I have nightmares; they’re frequent and ever changing and can range from unsettling, to frightening, to graphic. I can forget them almost as soon as I wake and be left with only a strange, uncomfortable feeling or they can haunt me for years afterwards.

I tend to have nightmares when I’m worried or anxious about something; for me it’s a great clue that something is stressing me out or bothering me, even if I think it isn’t.

I think that we dismiss nightmares too readily, we soothe children by telling them that it was ‘only a dream’, and this is done for good reason- but it can lead to us dismissing nightmares and ignoring the affect that they have on us.

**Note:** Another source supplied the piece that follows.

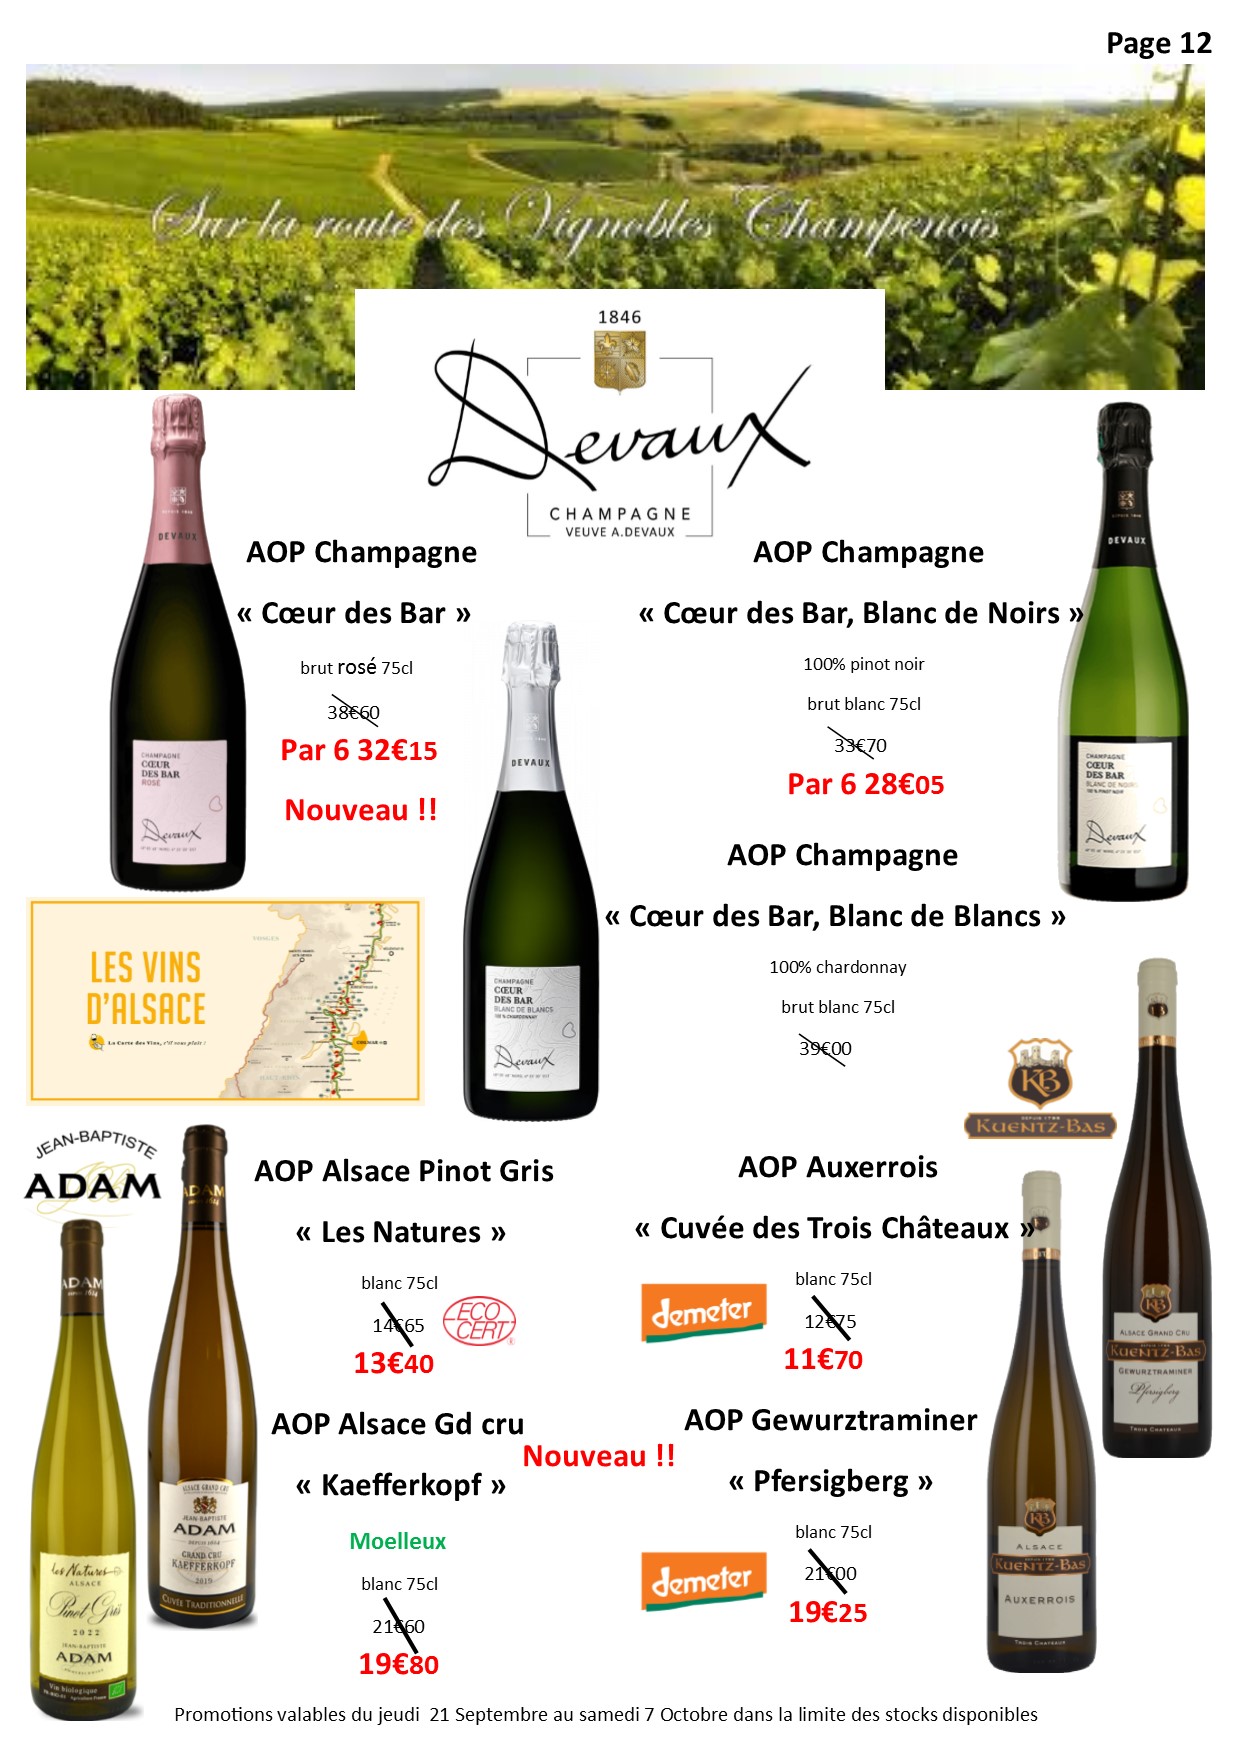 Champagne & Alsace - Caves du Tour'Billon - Pont-de-Beauvoisin

A nightmare can scare you badly, it can make you paranoid and change your behaviour. One of the worst that I ever had meant that I couldn’t sleep with any windows open for around two years.

They can also be telling us something important; they give us an insight into our innermost feelings. When my partner was overseas last month I had a terrible nightmare that involved him being taken away from me, all traces of our life together vanishing in front of my eyes. In my dream I vowed never to rest until I found him again. For me this was an insight into the depth of our bond and my worries regarding his job; both things that I already knew subconsciously but hadn’t fully realised yet.

Bad dreams about my job allow me to see that I need to quit and find another one, and a constant theme of having no control allows me to see that this is something that frightens me.

When I was about fifteen my nightmares were so bad that I knew I had to do something about them, I would avoid going to sleep and this would only make everything worse in terms of my mental health. I started to learn about lucid dreaming. I think this is something that I’ve talked about before, but I’ll mention it again for the sake of this post.

The way I learnt to lucid dream was by drawing an ‘A’ on the back of my hand and checking it every hour. Every hour when I looked at it I would do something to test that I was actually awake- such as pinching myself, drinking something, speaking to someone else- the most affective but risky thing to do is to look in a mirror. I say ‘risky’ because if you are dreaming then generally the image that you’re presented with can be pretty nasty/scary.

Using this technique I gradually got a handle on lucid dreaming. I remember clearly the first few times that I did it, it was such a wonderful sense of achievement. I still have nightmares, but a lot of the time I can wake myself up from them- or I try another technique.

The other technique that I use isn’t conscious at all, it’s something that I do as a person in times of trouble/need in my waking life and so has clearly seeped into my dreaming life too… when my I’m stuck in a nightmare and things are getting very bad, I call for the Gods.

My Gods help me when I’m awake and when I’m asleep, the offer me protection and guidance even when I’m at my most vulnerable.


Wren x



One thought on “Nightmares

  1. I totally agree that nightmares shouldn’t be ignored as ‘just dreams’. They are, as you said, a window into our subconscious worries. However, waking yourself up from a lucid dream is often not the solution. In a lucid dream you cannot run from the nightmare, believe me I’ve tried. The answer is to address the nightmare with love and positivity. I know this might seem crazy, but it works. A dream is your subconscious so if you project positivity then the dream becomes positive. It really works as long as you can let go of all your fear. You should wake up feeling happy and healed. Going to bed happy after mediation also helps.